According to ATP Tour coverage, Tokyo follows runner‑up weeks in Marrakech and Washington and finally supplies the payoff those runs suggested. The first‑serve dominance—29 of 34—traces the tactical story per ATP Stats: a disciplined first ball into forehand‑led one–two patterns, then quick occupation of the middle corridor. In the bigger picture, they sit ninth in the PIF ATP Live Doubles Teams Rankings and are 110 points behind Christian Harrison and Evan King for a Turin berth, as detailed via the ATP Tour at https://www.atptour.com/en/news/nys-roger-vasselin-tokyo-2025-doubles-finals.
“This is our third final of the year, first title, so we keep going. We hope to [qualify for the Nitto ATP Finals] by the end of the year, so we still have work to do.”
“Rohan, we were here 12 years ago winning the title, so it’s great to be on this court again with you. You’ve been around for a couple of years… It’s always nice to see you. You’ve been a big part of my life.”
Why this final tilted late
Tokyo rewarded first‑strike clarity. Nys/Roger‑Vasselin treated neutral starts as short runways: heavy crosscourt exchanges to draw a float, then a decisive down‑the‑line redirect to unlock the poach lane. On return, they showed crosscourt before knifing inside‑in at key moments, freezing the opposing net player and channeling the next ball into the middle third where their volley coverage was waiting.
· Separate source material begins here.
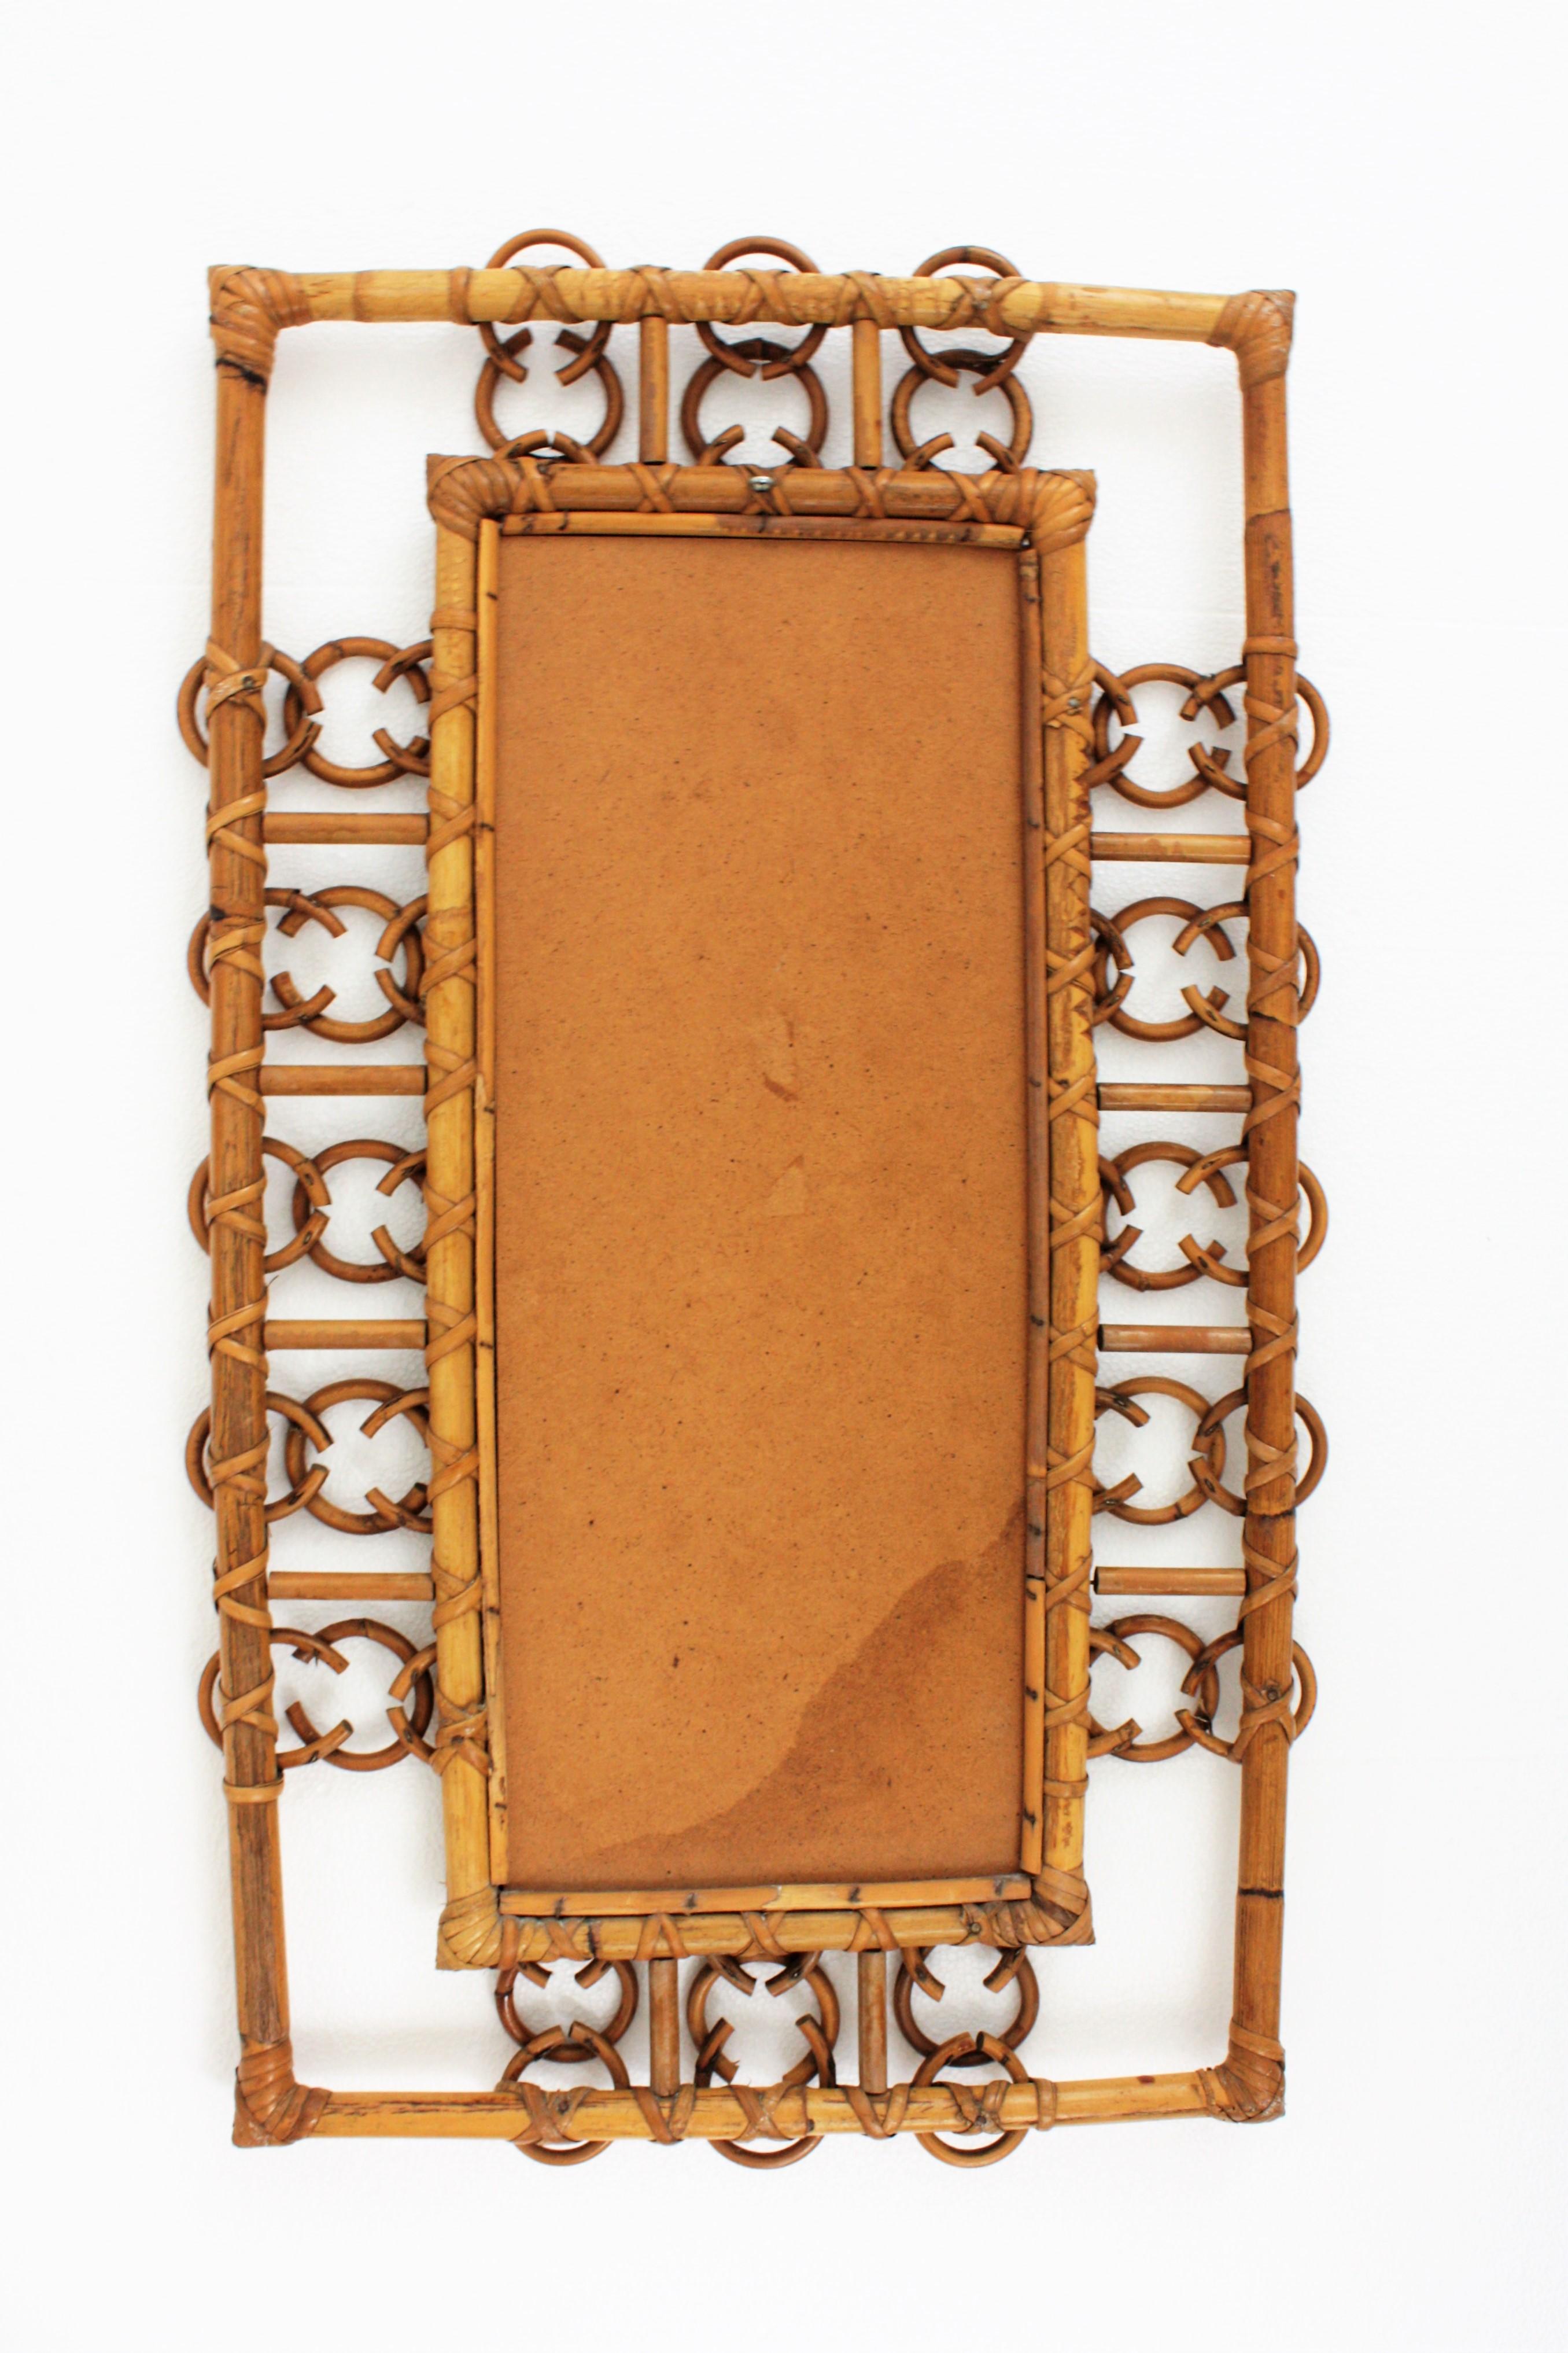 French Rattan Rectangular Mirror with Ring Details, 1950s For Sale 2

Bopanna’s serve still shapes rallies, and Yuzuki’s court speed kept both sets level into the eleventh game. But the challengers saw fewer forehands on their terms because the champions took away height and time. Depth‑biased returns landed close to the baseline tape, forced lifted replies, and gave Nys and Roger‑Vasselin forecourt decisions they were prepared to make.
Technique, pared to essentials
Mechanically, the winners chose economy over flourish. On serve, they varied toss height and body line as much as pace to move contact windows, setting up forehand‑first one–two sequences. At net, they kept the head still and the punching motion compact, shaping the volley with measured underspin that stayed low and rushed the passer.
The return blueprint was equally minimalist: abbreviated backswings and early contact to control direction. The backhand block down‑the‑line appeared on cue, stealing the eye‑line of the opposing net player and prying open the middle. That restraint under pressure scales well across surfaces and match contexts.
Continuity and contrast
Roger‑Vasselin’s Tokyo arc now spans three eras: titles in 2013 and 2019 preceded this latest run with Nys, stitching together a rare throughline across partners and styles. At 41, his tour‑level finals record advances to 29–20—29 wins against 20 losses—built on low‑risk patterns that age cleanly. Bopanna, 45, remains an outlier for how thoroughly serve placement and forecourt economy can still script a match deep into a career.
For Yuzuki, this was a rapid ascent in just their second event together. That team saved three match points to topple the top‑seeded Christian Harrison/Evan King in the semi‑finals, a result that re‑energized the draw and amplified the home‑court pulse through the weekend. The final, though, rewarded the steadier unit: Nys/Roger‑Vasselin neutralized the serve‑return cross more reliably and made the cleaner down‑the‑line change at the right junctures.
The Turin calculus
Autumn doubles is often decided by compressed margins and smart scheduling. An ATP 500 title gives Nys and Roger‑Vasselin both breathing room and direction: target events that echo Tokyo’s tempo, keep the first ball landing, and trust their late‑set shot selection. Ninth in the Race and only 110 points adrift, they have a plausible path if they replicate this blend of first‑serve security and middle‑third control.
Beyond the arithmetic, the performance clarified identity. They protected service games without overextension and still found opportunistic return games when the score tightened. In a phase where October hard courts reward fast starts and decisive finishes, Tokyo read as a template—measured, professional, and timed to matter.